Composing for the Theorbo: 4

Compiled by Lynda Sayce

Non-historical and extended techniques

Harmonics

Natural harmonics (those occurring at the main node points of the strings) are quite effective on theorbos, especially those at the 12th fret (an octave above the open string) and the 7th fret (a twelfth above the open string). Artificial harmonics, of the kind commonly used on classical guitar, are not practical because they rely on moving the right hand along the string at 12 frets' distance from the stopping finger, and reaching this far around the theorbo's body is not always possible. Notating harmonics in theorbo music can be problematic, because many players will not have used them (they do not occur in the historical repertory). A verbal instruction in the score, explaining how you have notated them, may be advisable.

Microtones

Although these are theoretically available, since the theorbo has movable frets, in practice they are rather difficult to use. Moving a fret affects all six fretted strings, which may not give the desired effect. Tying additional frets in between the normal ones is a possibility - I use this measure very frequently to obtain chromatic notes in some of the more extreme historical temperaments. However, these frets take time to set up, require some practice to use, and are only completely trouble-free on very large theorbos. On smaller theorbos (the majority today) the microtonal frets are simply too close together to put a finger between them.

Non-western scale systems

Approximations to a variety of non-western scales can be achieved on the theorbo. Modes with western interval sizes but with non-tonal intervalic patterns can be very successful. Modes with non-western interval sizes, such as many Arabic modes which require three-quarter tones, are less successful, even with a shuffling of the frets, because the interval patterns do not always repeat at the intervals between open strings. Of the Javanese gamelan scales, a fairly good approximation of the pentatonic Slendro scale can be achieved simply by omitting certain notes of the western scale; however, the heptatonic Pelog scale simply does not work on a theorbo. I'm afraid I don't know anything about Indian scales and their feasibility on the theorbo. If you do, please get in touch!

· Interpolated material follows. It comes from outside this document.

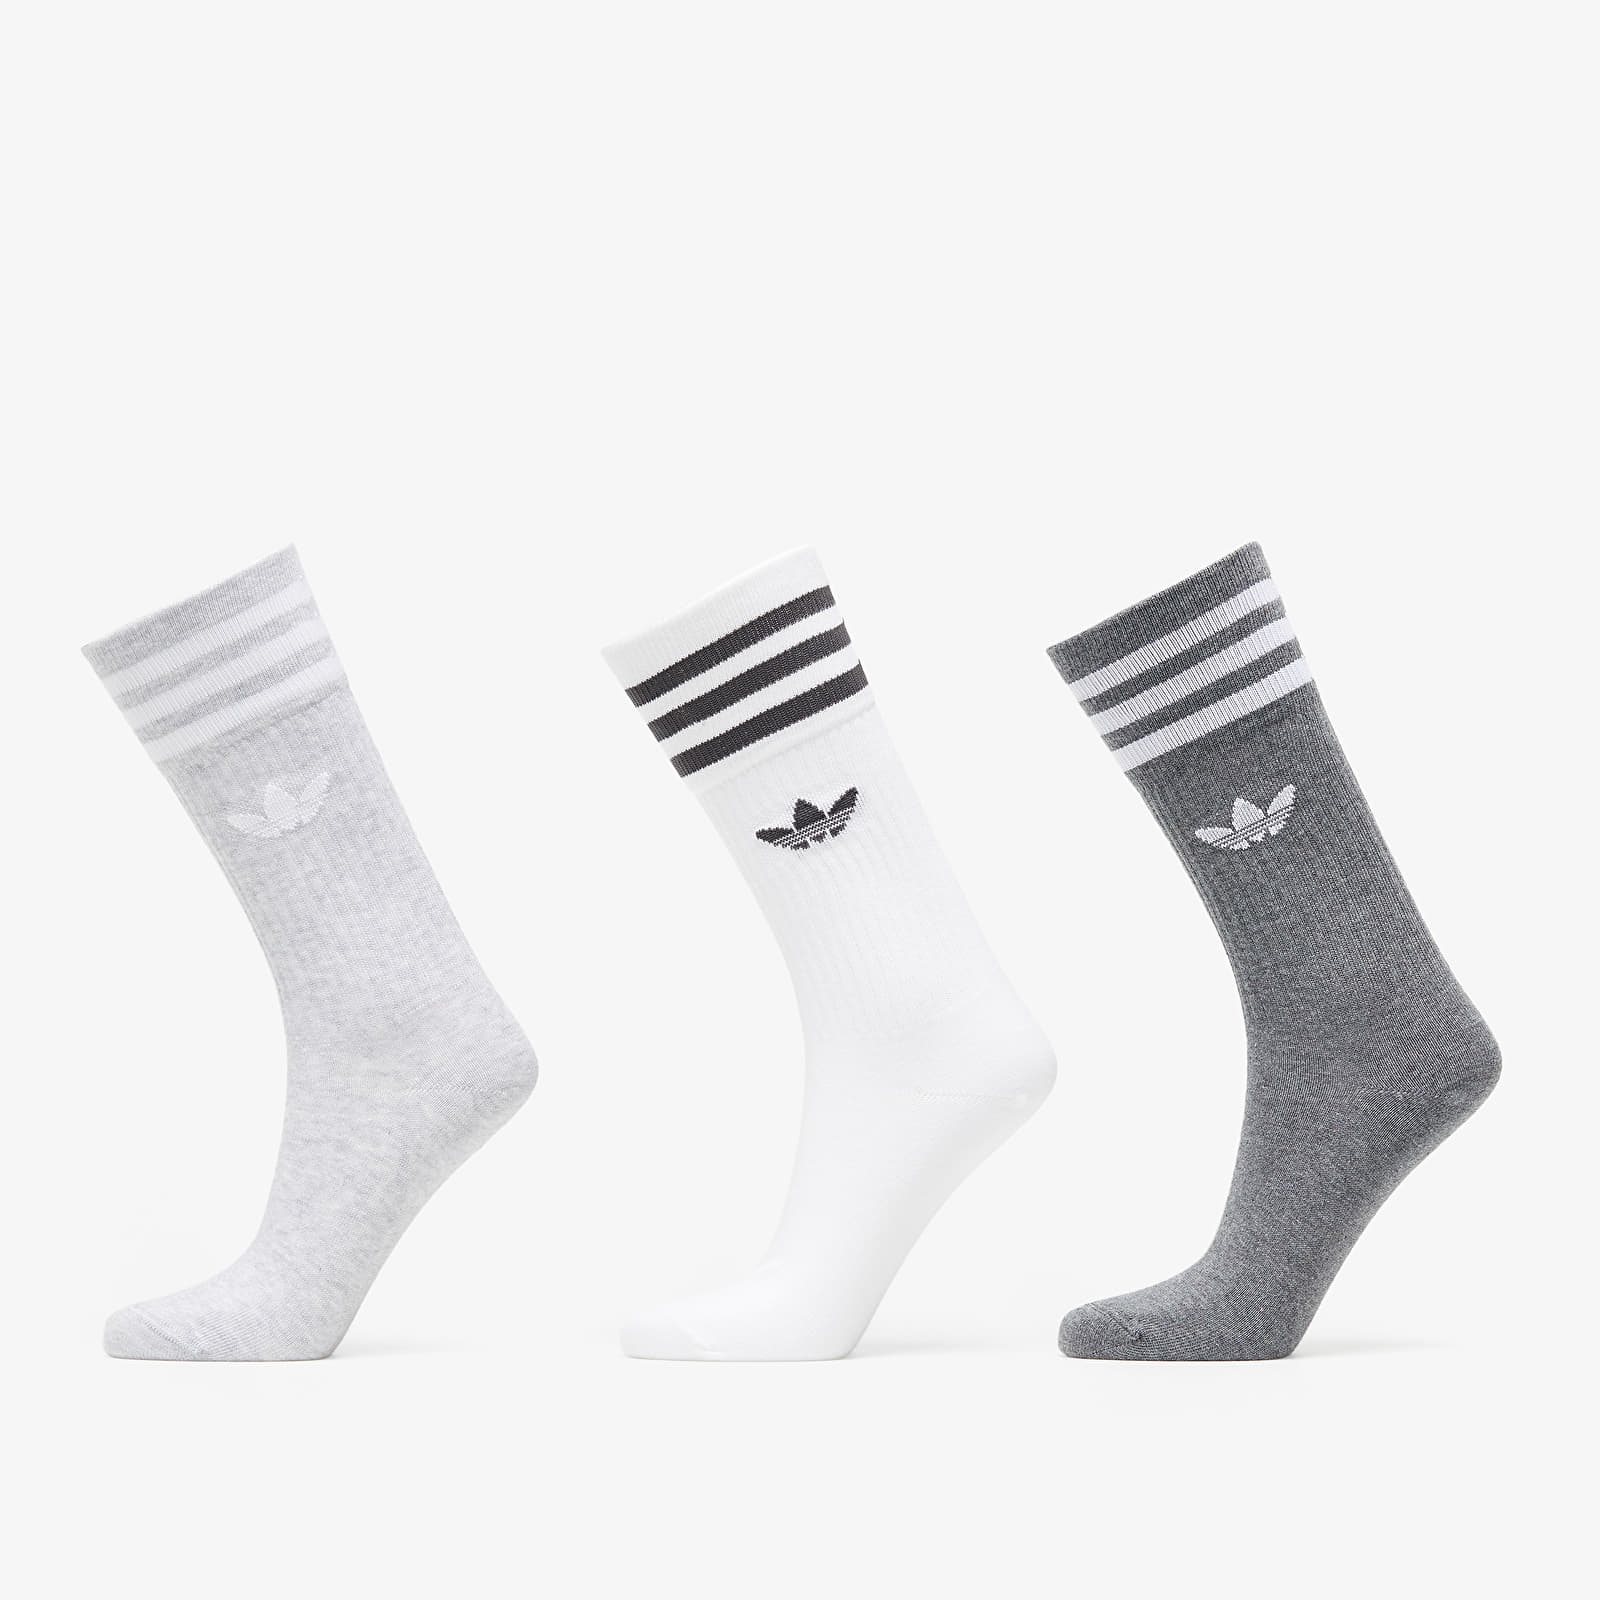 adidas Solid Crew Sock 3 Pack White/ Lgreyh/ Dgreyh EUR 35-38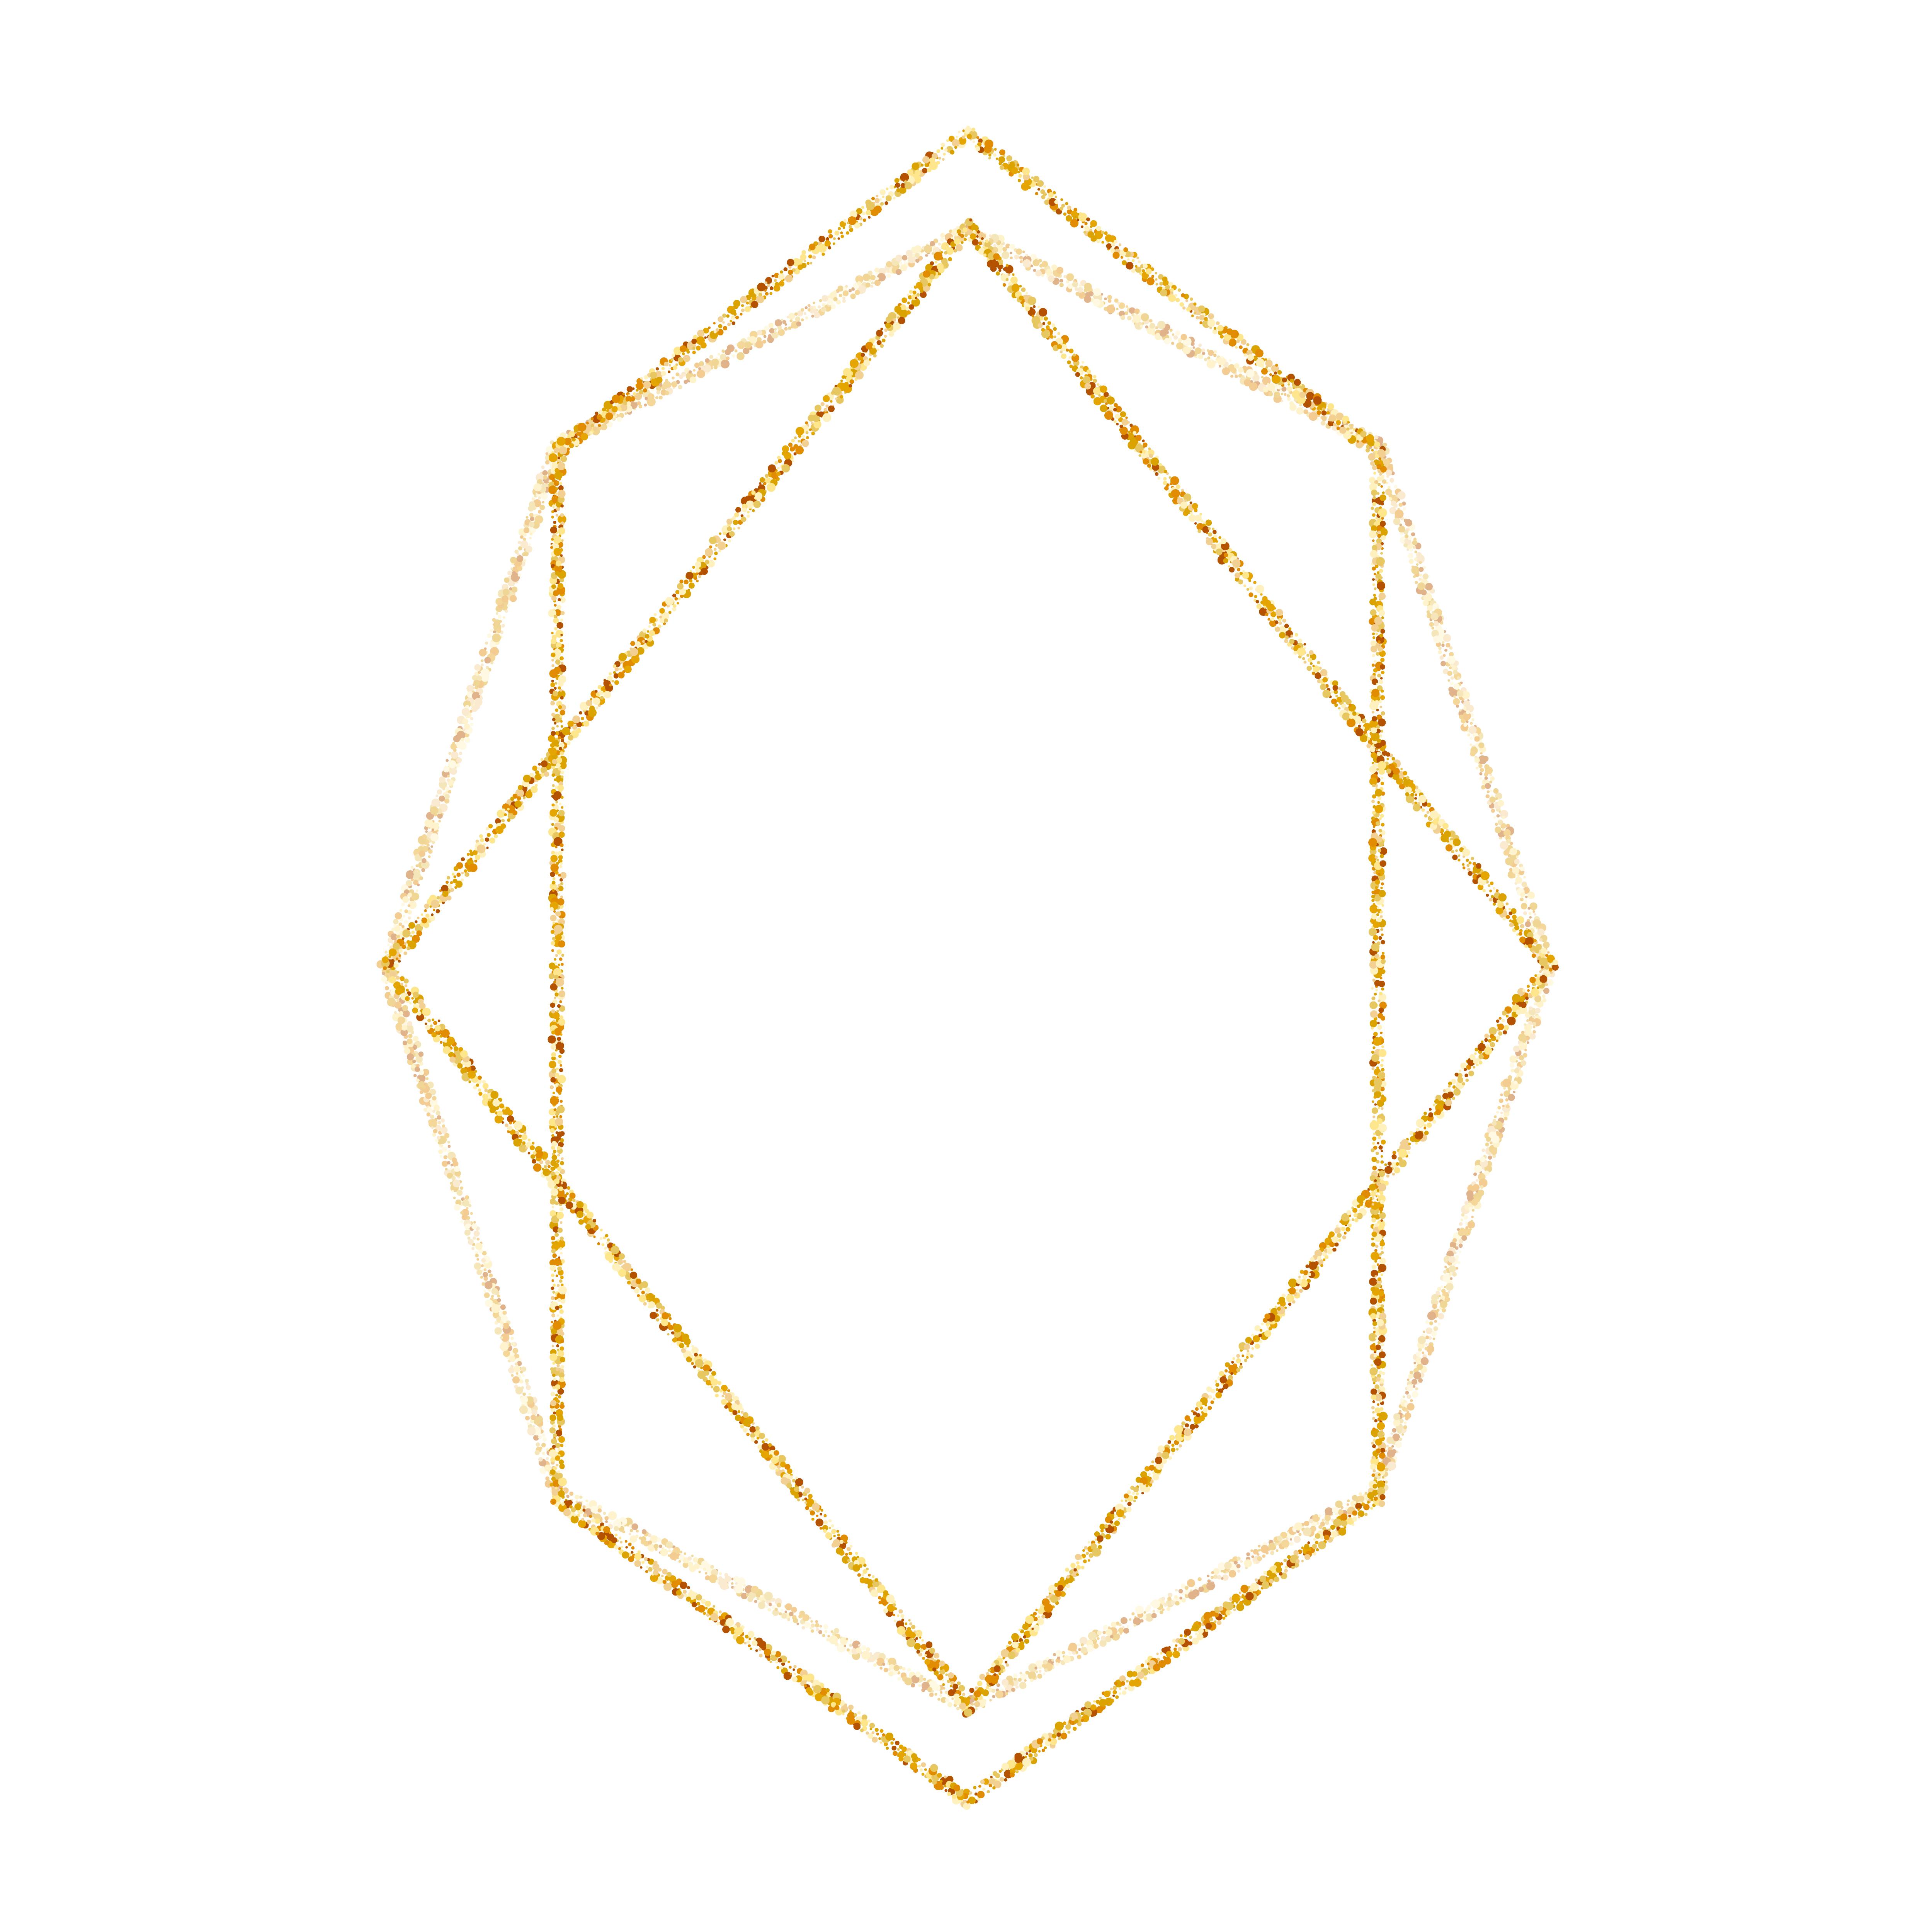 Geometric Gold Frame For Wedding Or Birthday Invitation

Extended and avant-garde techniques

Rather a limited palette here, I'm afraid. Theorbos are expensive and fragile instruments, and theorbo makers have long waiting lists. If you include techniques which require striking or scraping the theorbo (even with fingers), or putting anything in it or on it, you are likely to have difficulty persuading anyone to play your piece, simply because of the risk of damaging the instrument. Sliding things like bottlenecks or guitar slides along the strings doesn't work particularly well, because gut strings are relatively rough. Some dramatic timbre changes are possible. A muted pizzicato-like sound can be achieved either by fretting exactly on the frets, or by partially damping the strings near the bridge. Another effective way of changing the timbre is to thread a small piece of paper loosely between the strings, which can give a very striking buzzing effect, rather like a bray-pin harp. Some clarity of pitch is lost. This effect is quick and easy to set up, and only a few seconds are required to add or remove the paper. Different papers give different sound effects, and the exact positioning of the paper can also radically affect the sound. I'm sure composers will find other ways of using the theorbo, but if you are a composer thinking along these lines, please bear in the mind the extreme fragility of the instrument.

Amplification

Composers' thoughts frequently turn in this direction, partly because of the ability to cancel out disparities in the dynamics of different instruments, and partly because of the possibility of adding electronic effects. Amplifying a theorbo is easy and effective. The two main ways are via a free-standing microphone, or via a contact microphone fixed to the instrument. Free-standing microphones are often of higher quality than contact microphones, and leave the instrument completely untouched and the player unencumbered with cables. The disadvantages are that they are sometimes too sensitive to players' movements, and may pick up extraneous noises such as shuffling feet, creaky chairs and page turns. If you go for this option, the most successful place to put the microphone seems to be above the theorbo and slightly to the player's right, which is the way the theorbo will normally face. The optimum distance will depend on the microphone, but close-miking will pick up a lot of finger- and string-noise. With a contact microphone, the best place seems to be on the soundboard rim, a couple of centimetres from the edge and just to the bass side of the centre joint in the soundboard. Unfortunately this is also where many players will want to rest their right arm, so some care is needed to find a spot where the arm will not interfere with the microphone. I stick my microphone to the soundboard with a double layer of double-sided sticky tape. This needs to be removed by very slowly and gently pushing the microphone sideways, NOT by pulling upwards, which will tend to tear out bits of soundboard wood. The lead from the microphone will probably need to be tied to the theorbo's endpin, to stop the combined weight of the microphone, lead and plug from pulling the microphone off the soundboard. This microphone will only amplify sounds from the instrument, not from the player's feet, score or nearby colleagues, but the attached lead can be inhibiting. Also any movement of the cable may lead to crackling noises; good quality leads and plugs are essential.